### YOUR GOAL
Word for word, restate the lines from the one containing "carbon-reducing-connection-highlands-distillery-case-banner.jpg" through the last line of the material, and include no pictures.

== STORED DATA ==

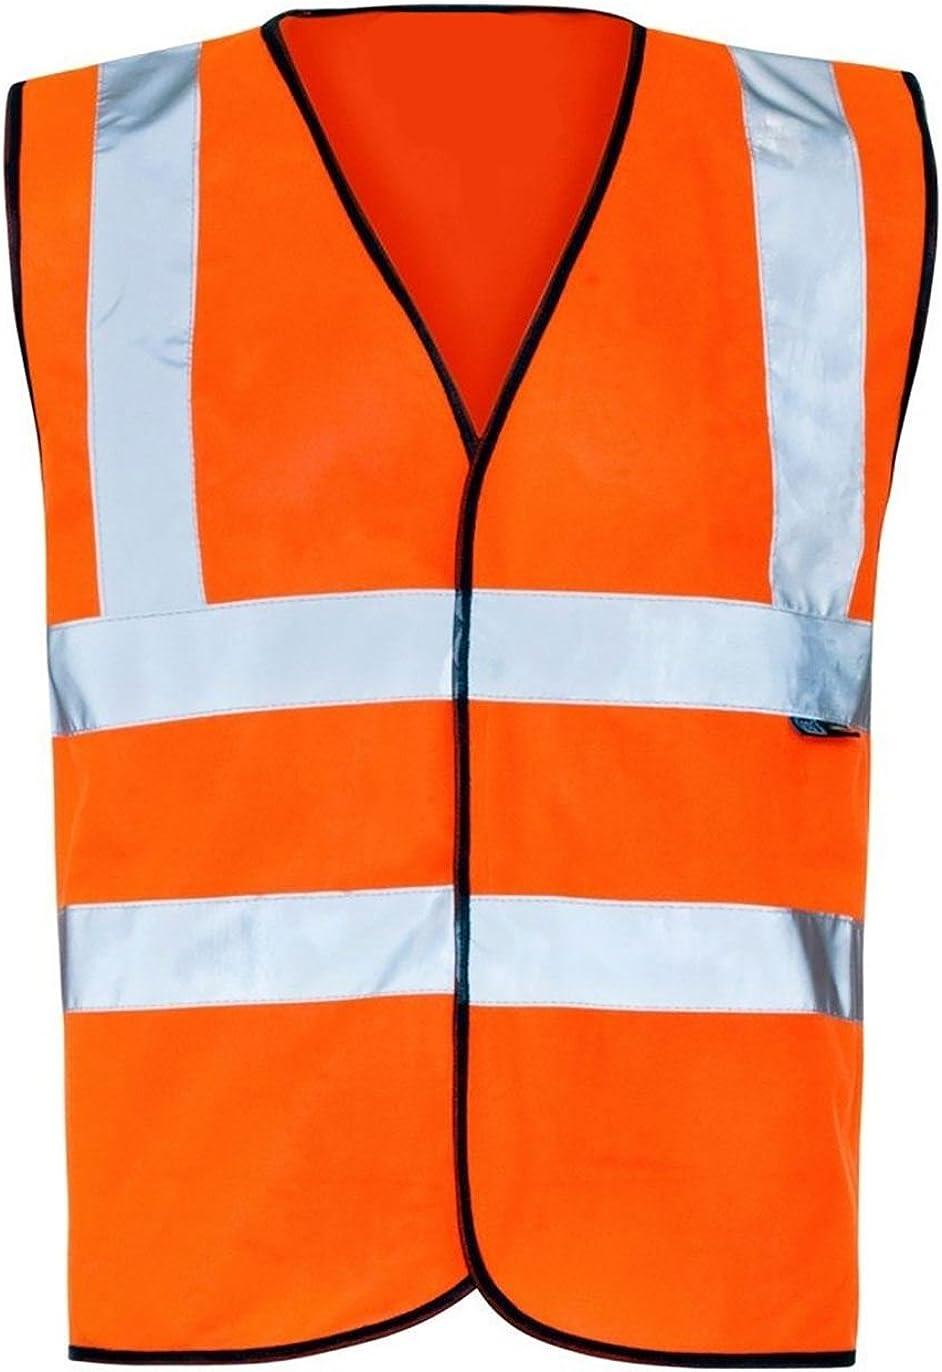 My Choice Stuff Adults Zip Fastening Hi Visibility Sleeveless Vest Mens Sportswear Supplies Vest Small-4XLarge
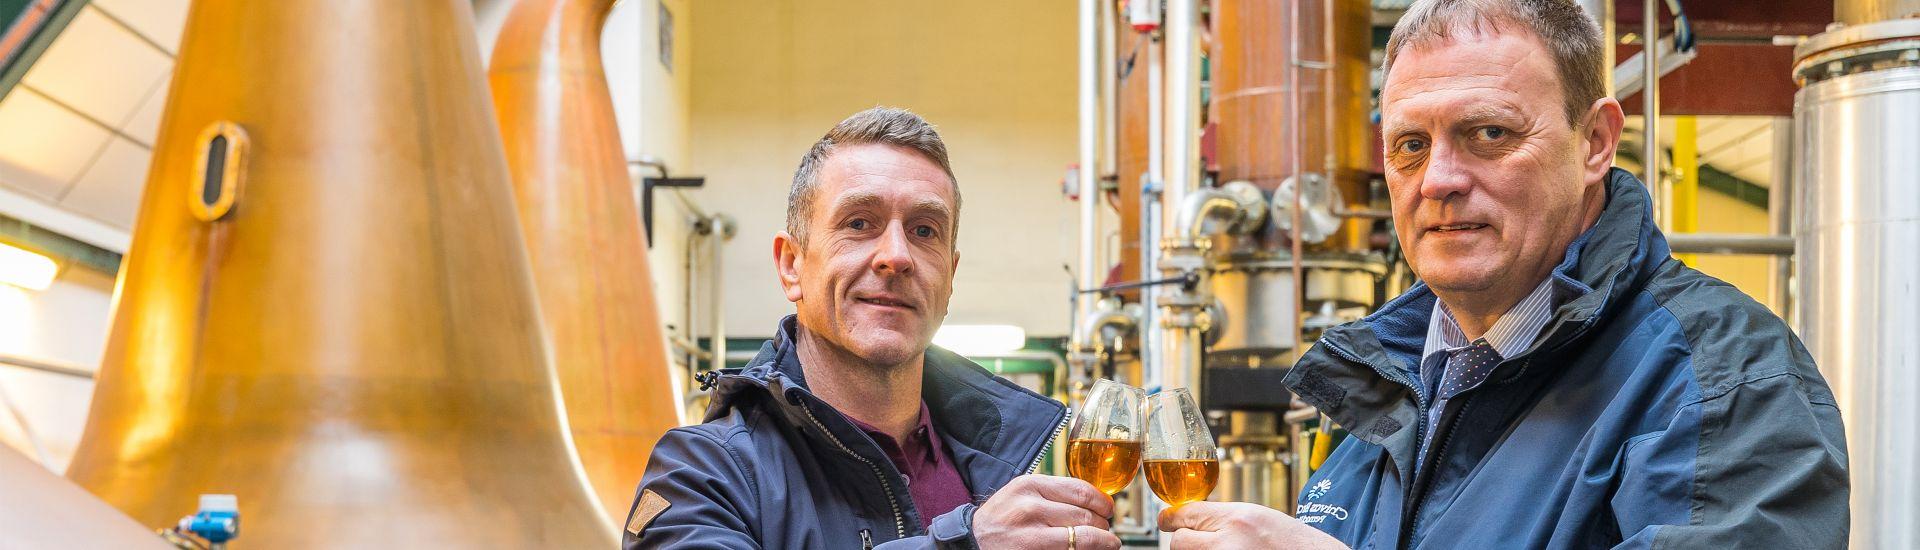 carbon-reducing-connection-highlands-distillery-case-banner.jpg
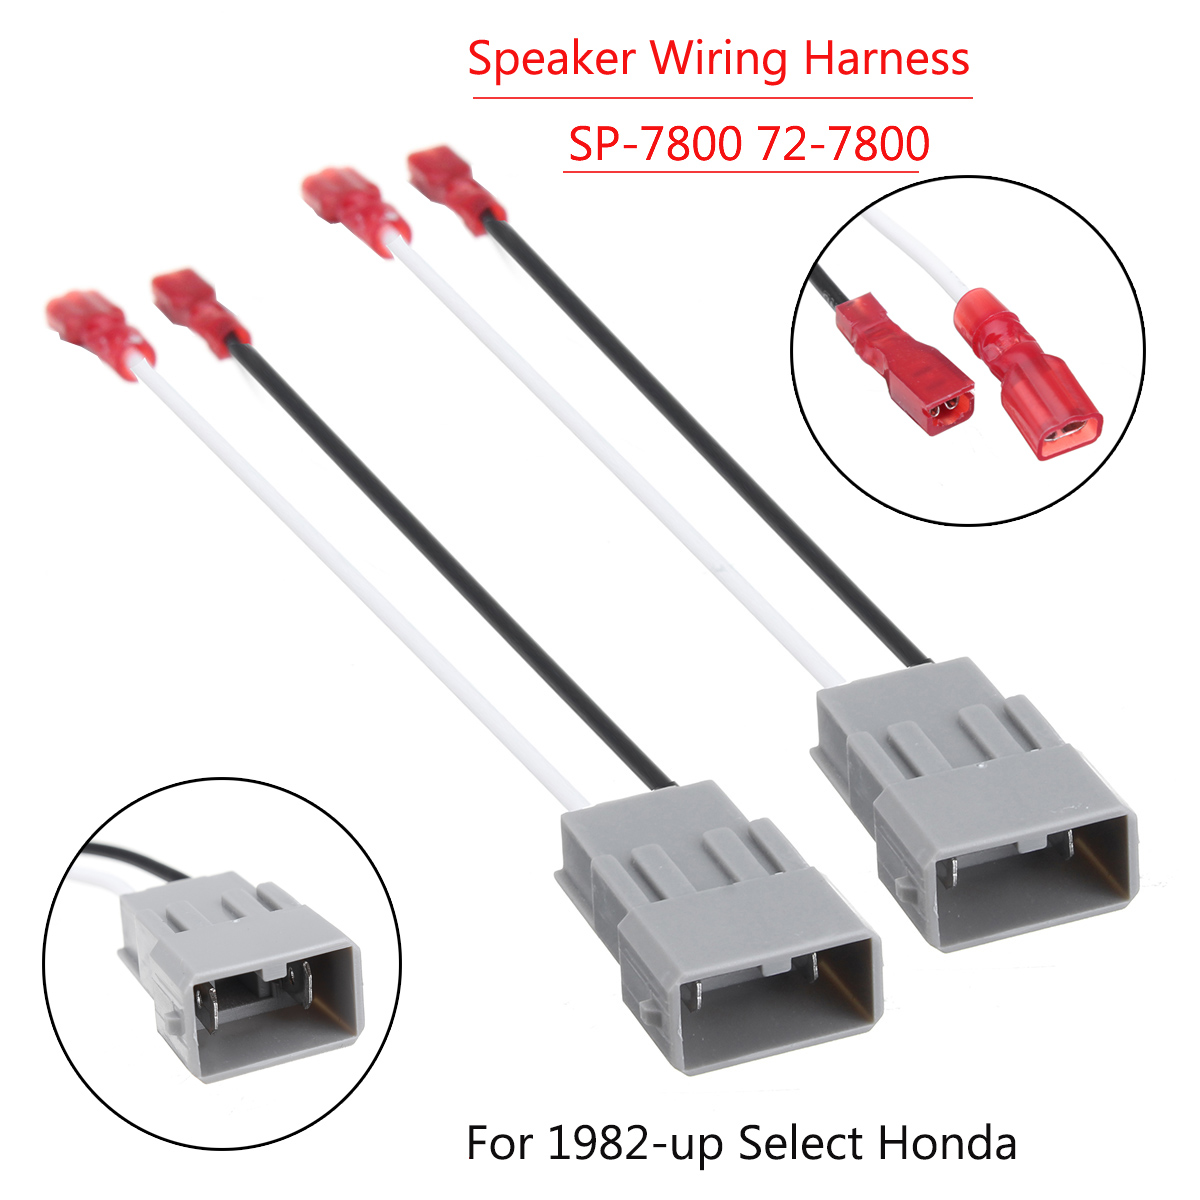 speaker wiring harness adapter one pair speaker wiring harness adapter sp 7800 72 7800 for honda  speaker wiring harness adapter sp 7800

===

### TASK RESPONSE
 carbon-reducing-connection-highlands-distillery-case-banner.jpg
 speaker wiring harness adapter one pair speaker wiring harness adapter sp 7800 72 7800 for honda  speaker wiring harness adapter sp 7800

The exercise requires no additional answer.